Anyway, just wanted to let everyone know we're doing fine and apologize for not keeping up. I hope to have a chance to report the PET scan results tomorrow amid packing and such. Have a great day and know that I really appreciate all your prayers and emails!

Hugs to all!

Psalm 51:10-12 (NKJV)
Create in me a clean heart, O God,
And renew a steadfast spirit within me.
Do not cast me away from Your presence,
And do not take Your Holy Spirit from me.
Restore to me the joy of Your salvation,
And uphold me by Your generous Spirit.

Tuesday, January 6, 2009

:-) :-) :-)

I got the call from my oncologist about an hour ago and I should have been more confident! I received good news!

First, the breast tumor shows 80% less activity than before! She didn't have measurements of the tumor itself, and I will get those on my next visit Jan 14. Anyway, less activity is wonderful! That means that what we're doing is working. :-)

Second, the metastases in my bones looked better. Not a drastic improvement, but improvement nonetheless. :-)

Third, the MUGA was 58%. It measures the pumping of blood thru your heart if I'm not mistaken. As long as it's above 50% it's good. :-)

Fourth, there was a spot on my thyroid that she wants to have looked at. An ultrasound is being scheduled for next Wed. This spot did not show activity on the PET, but she wants to take a look anyway. She said it shouldn't be anything to be worried about. OK, I worry anyway.
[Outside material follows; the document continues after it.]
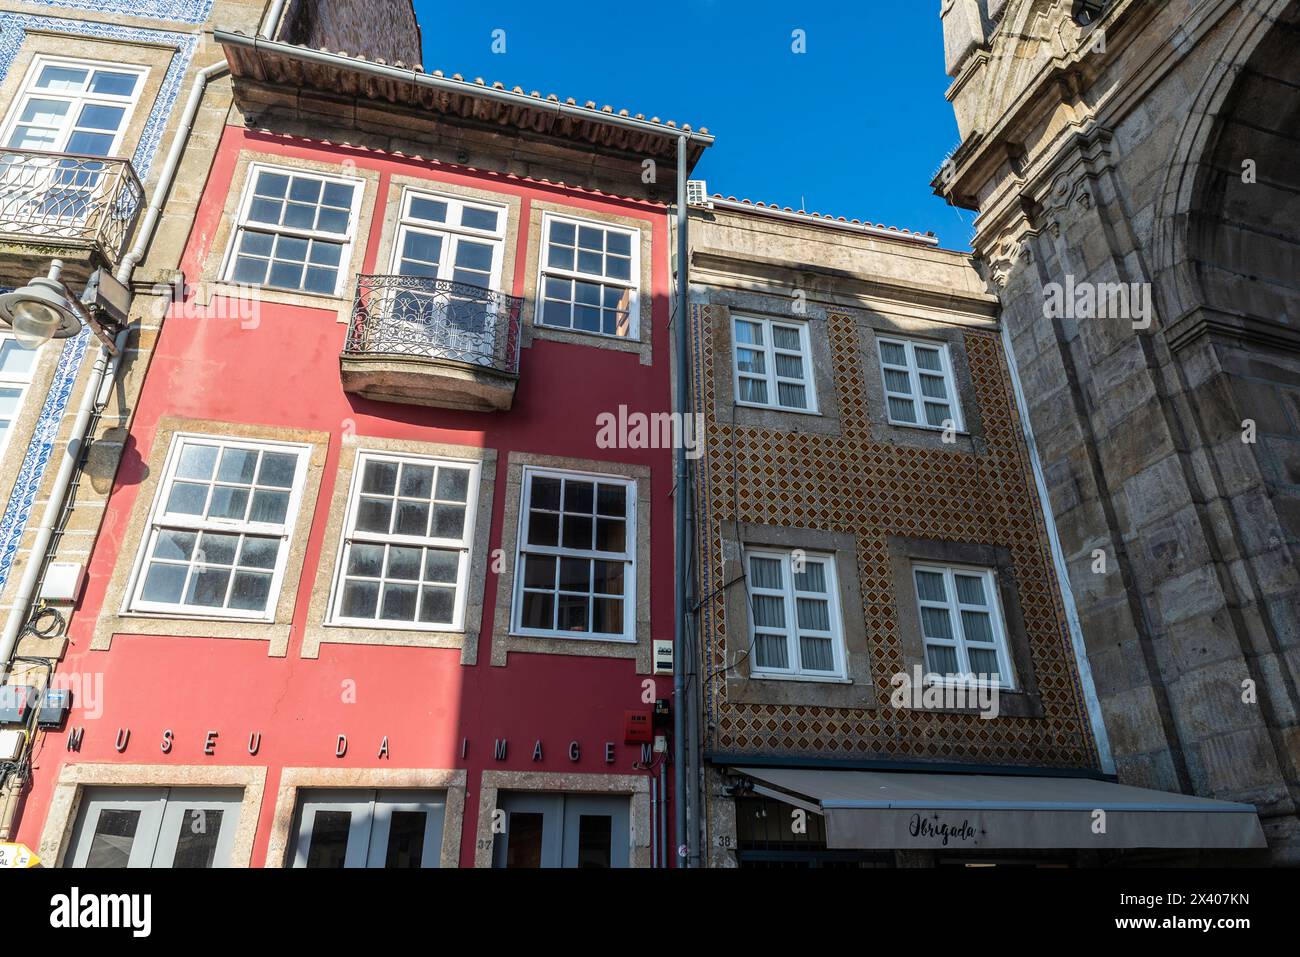 Braga, Portugal - November 25, 2023: Facade of the Image Museum in the old town of Braga, Portugal Stock Photo

Thanks so much for all your prayers, emails, etc. I deeply appreciate your concern for me and my health. I can't believe all that has happened in less than a year. I will soon have my first anniversary of diagnosis. There have certainly been ups and downs, but your prayers have been constant and I can not thank all of you enough. Many hugs go out to all of you!

Love,
Jenny

This is the verse that's been on my heart since before the holidays. Please don't give up praying for anyone who needs it, no matter how big or small the matter. God hears ALL our prayers and answers them all according to His will and in His time.

Galatians 6:9-10
(NKJV)
"And let us not grow weary while doing good, for in due season we shall reap if we do not lose heart. Therefore, as we have opportunity, let us do good to all, especially to those who are of the household of faith."

I don't like waiting......

Today is Tuesday, January 6.

I had my MUGA Scan on Dec 24 and my PET/CT Scans on Dec 30.

I still do not have results.

I called yesterday and found out my oncologist has been out of town (good for her! she deserves it). I have never had to wait this long for results and I am very anxious.

I was told I should get a phone call today, so my stomach is already in knots just thinking about it.

I don't know why, but I feel bad news coming. I shouldn't feel this way as I know I do believe that I can beat this cancer with the help of God and your prayers, but I think the waiting is just stressing me out.

If you read this, please say a prayer for me today because I need it.

I hope to post GOOD news as soon as I get these results!